Add the config prop stroom.security.authentication.openId.fullNameClaimTemplate to allow the user’s full name to be formed from a template containing a mixture of static text and claim variables, e.g. ${firstName} ${lastName}. Unknown variables are replaced with an empty string. Default is ${name}.

This provides full control over the source of the user’s full name in stroom and allows it to be formed from multiple claims within the authentication token.

AWS Integration

Change template syntax of openid.publicKeyUriPattern property from positional variables ({}) to named variables (${awsRegion}). Default value has changed to https://public-keys.auth.elb.${awsRegion}.amazonaws.com/${keyId}. If this property has been explicitly set in the config.yml or Properties screen, its value will need to be changed to use named variables instead.

Certificate DN Format

Add new property .receive.x509CertificateDnFormat to stroom and proxy to allow extraction of CNs from DNs in legacy OPEN_SSL format. The new property defaults to LDAP, which means no change to behaviour if left as is.

2 - Preview Features (experimental)

Preview features in Stroom version 7.10. Preview features are somewhat experimental in nature and are therefore subject to breaking changes in future releases.

There are no new preview features in v7.10.

3 - Breaking Changes

Changes in Stroom version 7.10 that may break existing processing or ways of working.

Stroom

No Stroom specific breaking changes in v7.10.

Stroom-Proxy

No Stroom-Proxy specific breaking changes in v7.10.

Stroom & Stroom-Proxy

Open ID Connect Configuration

The property stroom.security.authentication.openid.validateAudience has been removed. See Upgrade Notes for details.

AWS Open ID Connect Configuration

If you use AWS for OIDC authentication and you have configured the property stroom.security.authentication.openId.publicKeyUriPattern then you will need to change its value.
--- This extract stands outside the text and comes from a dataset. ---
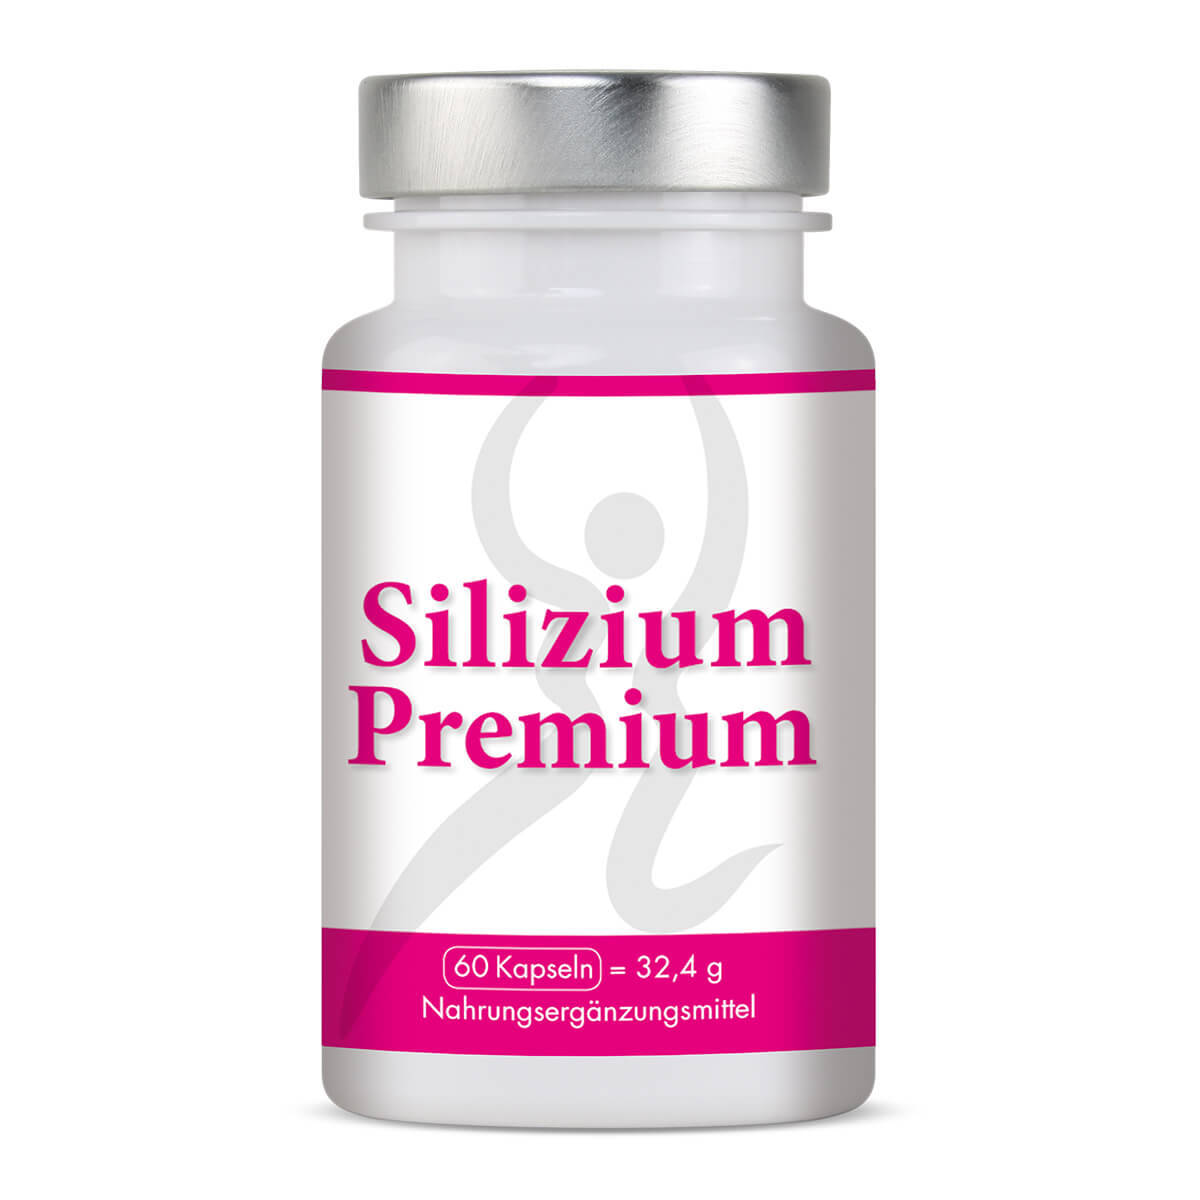 Silizium Premium

See Upgrade Notes for details.

4 - Upgrade Notes

Required actions and information relating to upgrading to Stroom version 7.10.

Upgrade Path

You can upgrade to v7.10.x from any v7.x release that is older than the version being upgraded to.

If you want to upgrade to v7.10.x from v5.x or v6.x we recommend you do the following:

  1. Upgrade v5.x to the latest patch release of v6.0.
  2. Upgrade v6.x to the latest patch release of v7.0.
  3. Upgrade v7.x to the latest patch release of v7.10.

Java Version

Stroom v7.10 requires Java 21. This is the same java version as Stroom v7.9. Ensure the Stroom and Stroom-Proxy hosts are running the latest patch release of Java v21.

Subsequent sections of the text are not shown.